Если жизнь утверждается как самодовлеющее созерцание, противопоставленное конфликтам, то меняется и статус веры: если неверие основывает представление о случайности всего сущего на частных наблюдениях, то вера утверждает себя как принцип закономерных изменений, органических и аффицирующих, способных менять человека и меняться очевидным образом прямо на глазах: чудо веры и чудо ее восприятия совпадают.
Представление о событийности в мире собственности как о безысходных губительных конфликтах распространяется и на интерпретацию священной истории. М.Д. Муретов развивает версию предательства Иуды, в которой Иуда не был рабом намерений, но напротив, попытался опровергнуть все чужие намерения как ложные, но поневоле, уничтожая структуру чужих намерений, он стал выступать как моралист. Говоря терминами Гегеля, Иуда не смог произвести никакого положительного синтеза, потому что отрицание одних намерений механически ведёт к торжеству других намерений, опровержения тезиса другим собственным тезисом, а не антитезисом, не приводит к синтезу. Отсюда печальная судьба собственника и сребролюбца Иуды.
Согласно Муретову, омовение ног ученикам было главным скандалом для Иуды, и спровоцировавшим его предательство: он увидел в этом незаслуженную милость для всех, и после этого уже не мог мыслить жизнь, сама жизнь стала для него скандальной, и он превратился в предателя и казначея ценностей [Муретов, 1906, c. 40]. Предательство сведено к привычкам собственности и отвычке к синтезу.
Тезис-антитезис-синтез
Итак, тезис должен позволить справиться с наивным присвоением собственности, антитезис – осознать неустойчивость прежде устойчивых свойств и понятий, а синтез как органический процесс показать, что вещи и отношения к ним не поддаются готовым классификациям. Такое гегельянство, без прямых ссылок на Гегеля, многих рассматриваемых авторов, напоминает позднейшее французское гегельянство Кожева, Валя и Ипполита, которые поняли синтез как переизобретение всеобщего достоинства человека. Так триада Гегеля служила новому пониманию органического, как не относящегося к отношениям собственности, но при этом живого и аффицирующего.
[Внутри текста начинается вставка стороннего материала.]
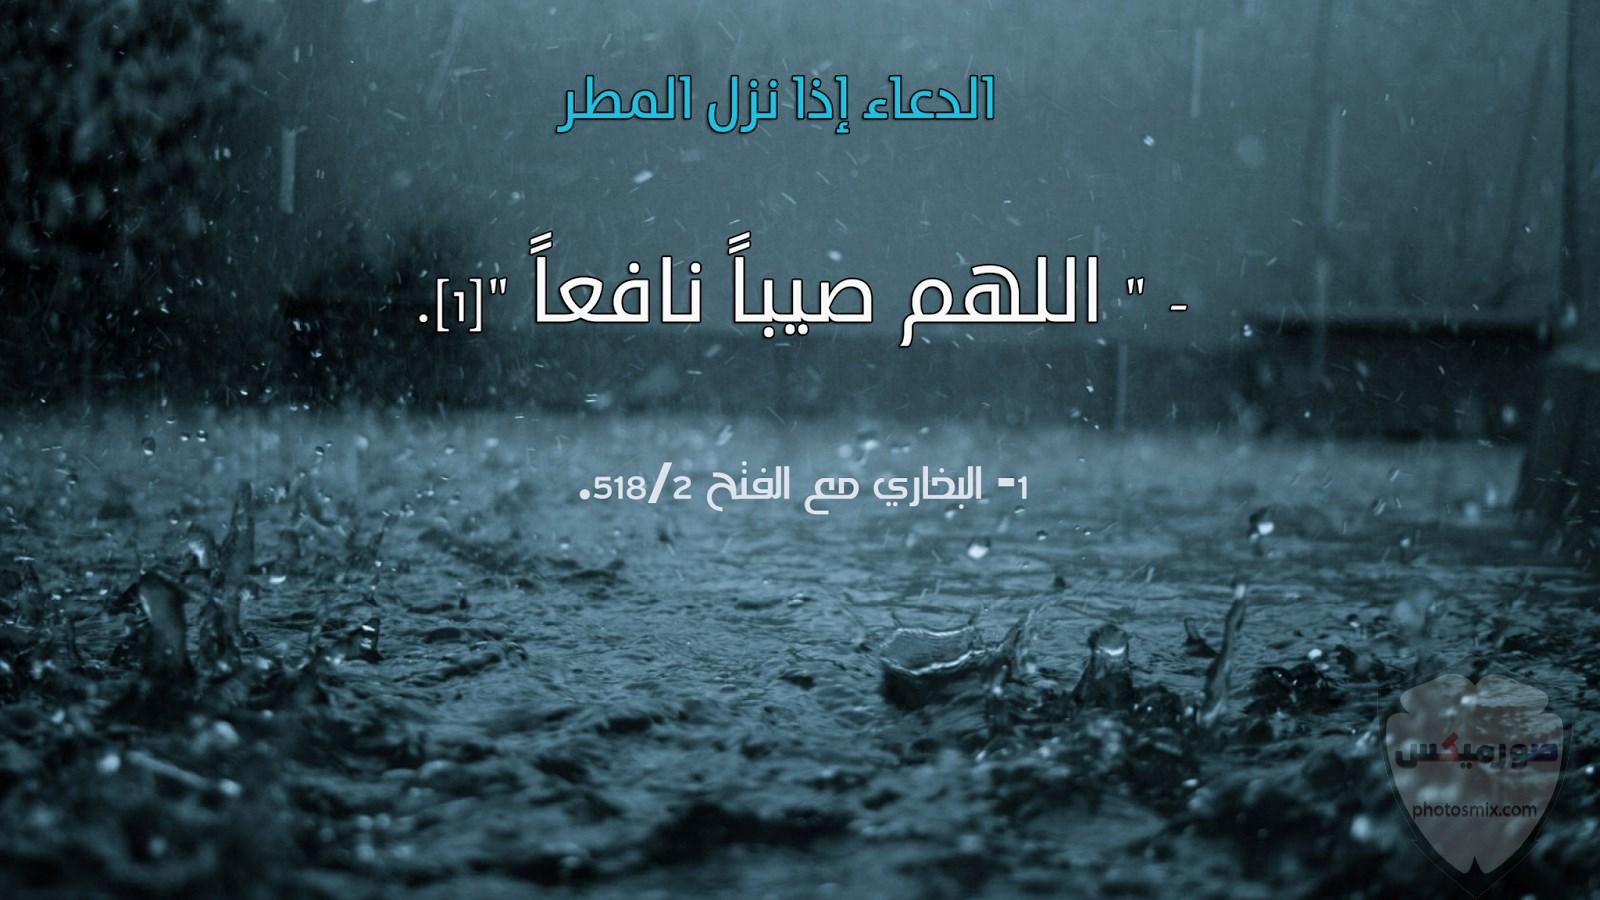 صور مطر جميلة اجمل خلفيات قطرات المطر ادعية عن الامطار والشتاء 2 1

Триада использовалась при обобщениях гуманитарного материала, показывая, как гуманитарное исследование может служить достоинству. Например, знаменитый фольклорист укладывает развитие героя в схему тезиса-антитезиса-синтеза: самотождество героя, его раздвоенность от сильного аффекта чувств и, наконец, синтетическое переживание собственной чувственности:
Действительно, разве не видно разницы между певцом, прославлявшим Егория Храброго, отрубившего голову басурманскому царю; певцом, унижавшим храброго воина Анику, который содрогается и бледнеет перед беспощадной смертью; и певцом, героем которого сделался убогий Лазарь с гноящимися ранами? Вместе с появлением указанных трех стихов народное творчество прошло три этапа во взгляде на человеческое достоинство. Возьму еще три примера. Известны стихи о плачах Адама, старца-черноризца и Иосифа Прекрасного. Настроения этих трех плачей совершенно различные: Адам плачет о лишении внешних радостей – пения ангелов и райской пищи; плач черноризца – покаянный: он потерял золотую книгу и церковный ключ, то есть евангельское учение и строгость жизни; наконец, плач Иосифа носит характер сантиментальный: это -- любящий сын, потерявший мать и разлученный с отцом [Марков, 1910, c. 358].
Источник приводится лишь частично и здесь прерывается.